My best output would be something like this:
Output:
SKU326;A320;SCL;IQQ;Sex 17:43 -04;;; SKU250;A320;SCL;CJC;Sex 18:29 -04;;; SKU801;A320;LIM;SCL;Sex 17:44 -05;;; SKU329;A320;IQQ);SCL;Sex 20:47 -04;;; SKU253;A320;CJC;SCL;Sex 21:11 -04;;; SKU433;A320;SCL;PMC;Sáb 10:55 -04;;;
How can I do that?

Thank you guys.
Reply
#2
Hope this helps

import pandas as pd
 
url_ini = 'https://flightaware.com/live/fleet/'
url_fim = '/cancelled'
     
ncia = ['SKU', 'TAM']
 
for i in range(len(ncia)):
    url = url_ini + str(ncia[i]) + url_fim
    df = pd.read_html(url)[3]
    df.columns = df.columns.droplevel(0)
    df['Origin'] = df['Origin'].str.split('(').str[1].str[:3] 
    df['Destination'] = df['Destination'].str.split('(').str[1].str[:3]
         
    df.to_csv(r'C:\Users\Kelum desktop PC\Desktop\Teste.txt', sep=';',  mode='a',  encoding = 'utf-8', index=False)
    print('Atualizado apra a ' + str(ncia[i]) )
Output:
Ident;Type;Origin;Destination;ScheduledDeparture Time;Unnamed: 5_level_1;Unnamed: 6_level_1;Unnamed: 7_level_1 SKU329;A320;IQQ;SCL;Fri 08:47PM -04;;; SKU253;A320;CJC;SCL;Fri 09:11PM -04;;; SKU433;A320;SCL;PMC;Sat 10:55AM -04;;; SKU433;A320;PMC;BBA;Sat 01:42PM -04;;; SKU434;A320;BBA;PMC;Sat 03:40PM -04;;; SKU434;A320;PMC;SCL;Sat 05:19PM -04;;; SKU121;A320;SCL;ZAL;Sun 11:46AM -04;;; SKU122;A320;ZAL;SCL;Sun 02:14PM -04;;; SKU101;A320;SCL;ZOS;Sun 02:57PM -04;;; SKU147;A320;SCL;ZCO;Sun 04:35PM -04;;; SKU102;A320;ZOS;SCL;Sun 05:14PM -04;;; SKU304;A320;SCL;ARI;Sun 05:30PM -04;;; SKU148;A320;ZCO;SCL;Sun 06:30PM -04;;; SKU326;A320;SCL;IQQ;Sun 06:47PM -04;;; SKU163;A320;SCL;CCP;Sun 07:27PM -04;;; Ident;Type;Origin;Destination;ScheduledDeparture Time;Unnamed: 5_level_1;Unnamed: 6_level_1;Unnamed: 7_level_1 TAM3595;A319;SDU;CGH;Sat 07:25AM -03;;; TAM8146;B763;GRU;LIS;Sat 04:50PM -03;;; TAM3585;A319;CGH;SDU;Sat 05:40PM -03;;;
brunolelli likes this post
Reply
#3
Hello!
Thanks per your kindly response...
It's working now!

Would you mind helping me with another issue?
As you can see, the last column shows the "date vale", like "Fri 20:47 -04".

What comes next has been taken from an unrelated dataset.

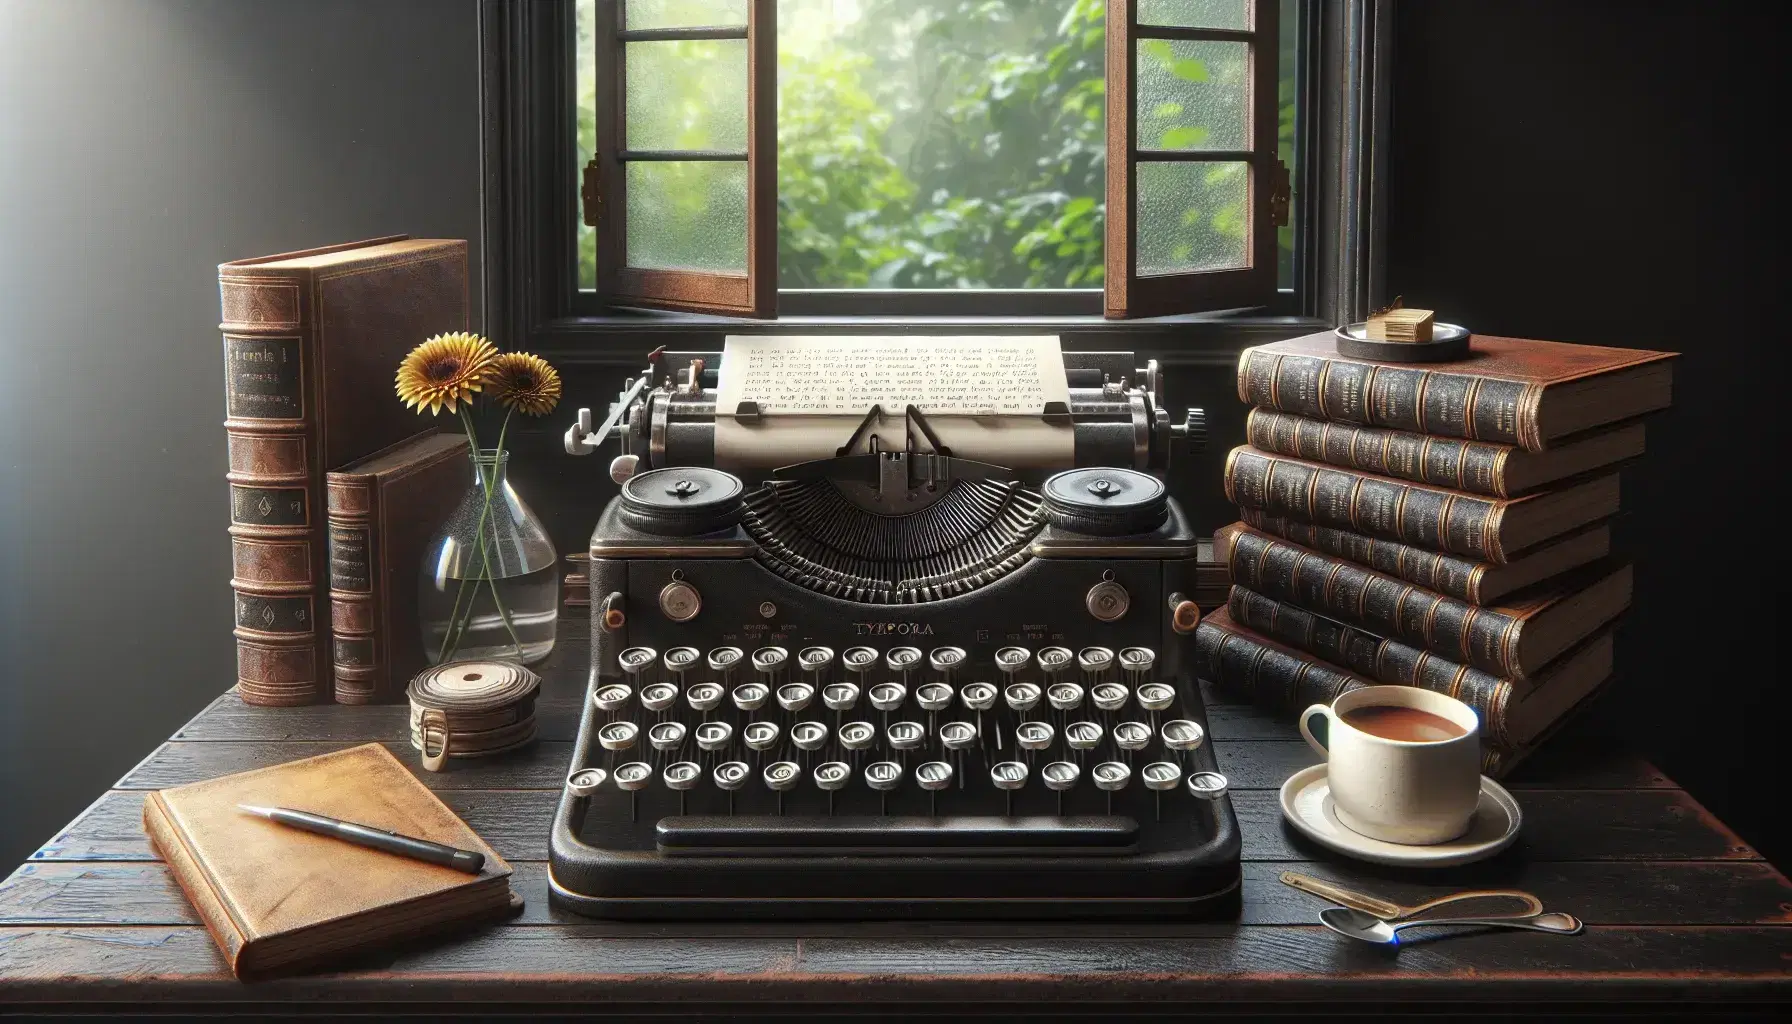 Máquina de escribir antigua con teclas redondas sobre mesa de madera oscura, libros encuadernados en cuero, ventana con vista a árboles y taza de café, junto a flor amarilla en jarrón.

I'm not sure if it's formated as text or date, so, how can I convert this "Fri 20:47 -04" to something like this "16/04/21 20:47"

Is it possible to be done?

Thanks
Reply
#4
Date can not be determine certainty as date is not shown.

Ex. below entries are belong to March month and it could be any Saturday within March month.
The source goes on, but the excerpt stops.